Debra Green says then-officer Sylshina London lied about a March 2010. A judge agreed. Emily Florez reports.
A Chicago woman was claiming victory Friday after a judge found a police officer guilty of perjury for lying about an alleged attack.
"I feel relieved but I feel so hurt because this right here took a lot out of me mentally, physically, and I didn't see my sister go down into the ground," Debra Green said Friday.
It was March 2010 when she and her father were driving to Mount Hope Cemetery to see her sister laid to rest and she saw a car weaving in and out of the funeral procession.
"I was like, 'This is a funeral. This is a funeral,' and she looked and the next thing I knew she started following the funeral," she recalled.
Minutes later, Green said she was surrounded by police officers with weapons pointed. It turns out that officer Sylshina London -- off duty at the time -- was driving to work and had called for police back up claiming Green had assaulted her during a verbal exchange.
"I overheard her boss and her talking to the lieutenant, and she was like, 'She hit me with a bottle.' I'm like, 'Oh, my goodness. I did not,'" said Green.

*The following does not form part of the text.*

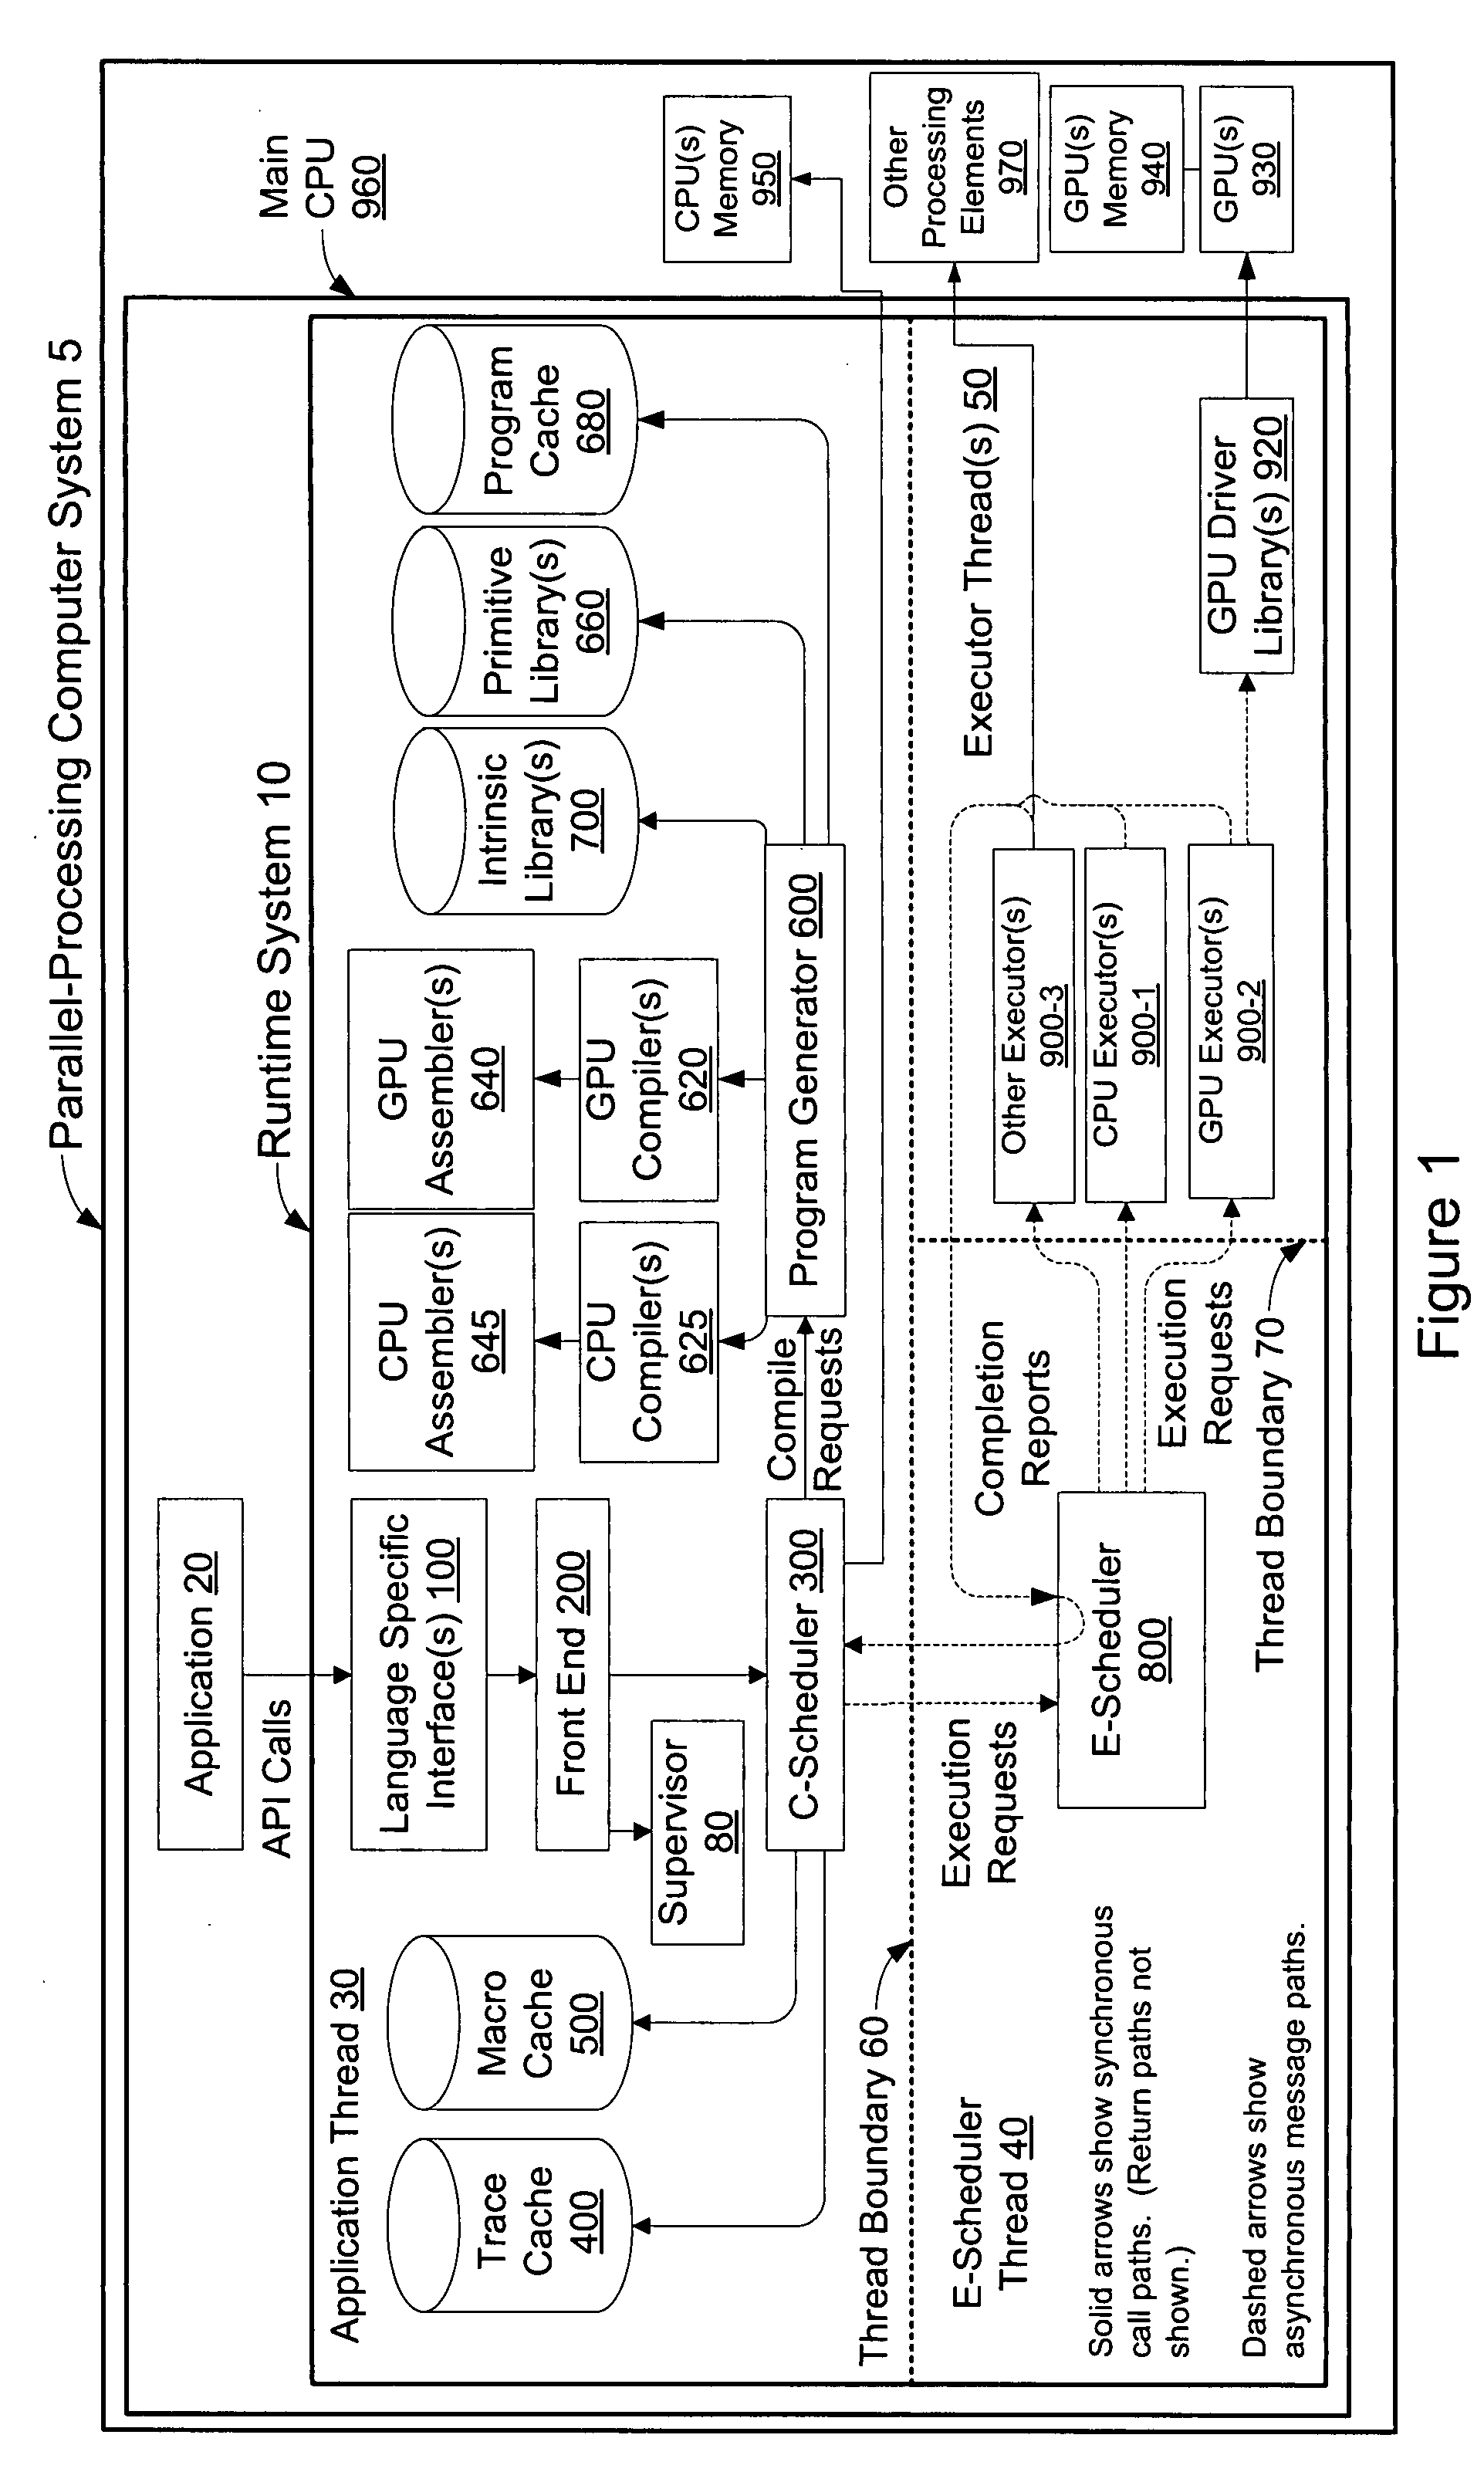 Systems and methods for profiling an application running on a parallel-processing computer system

Green was charged and convicted of battery based on London's false accusation. That conviction was overturned roughly eight months later after surveillance video proved the incident never happened as London had described.
Now nearly three years after the incident it's London who finds herself convicted. Green said she's relieved but finds little solace in what she'll never have.
"I was cheated out my sister's burial. It's something I will never, ever get back or forget," she said.
London resigned from the Chicago Police Department in 2011 and remains out on bond. She faces up to five years in prison when she's sentenced on March 3.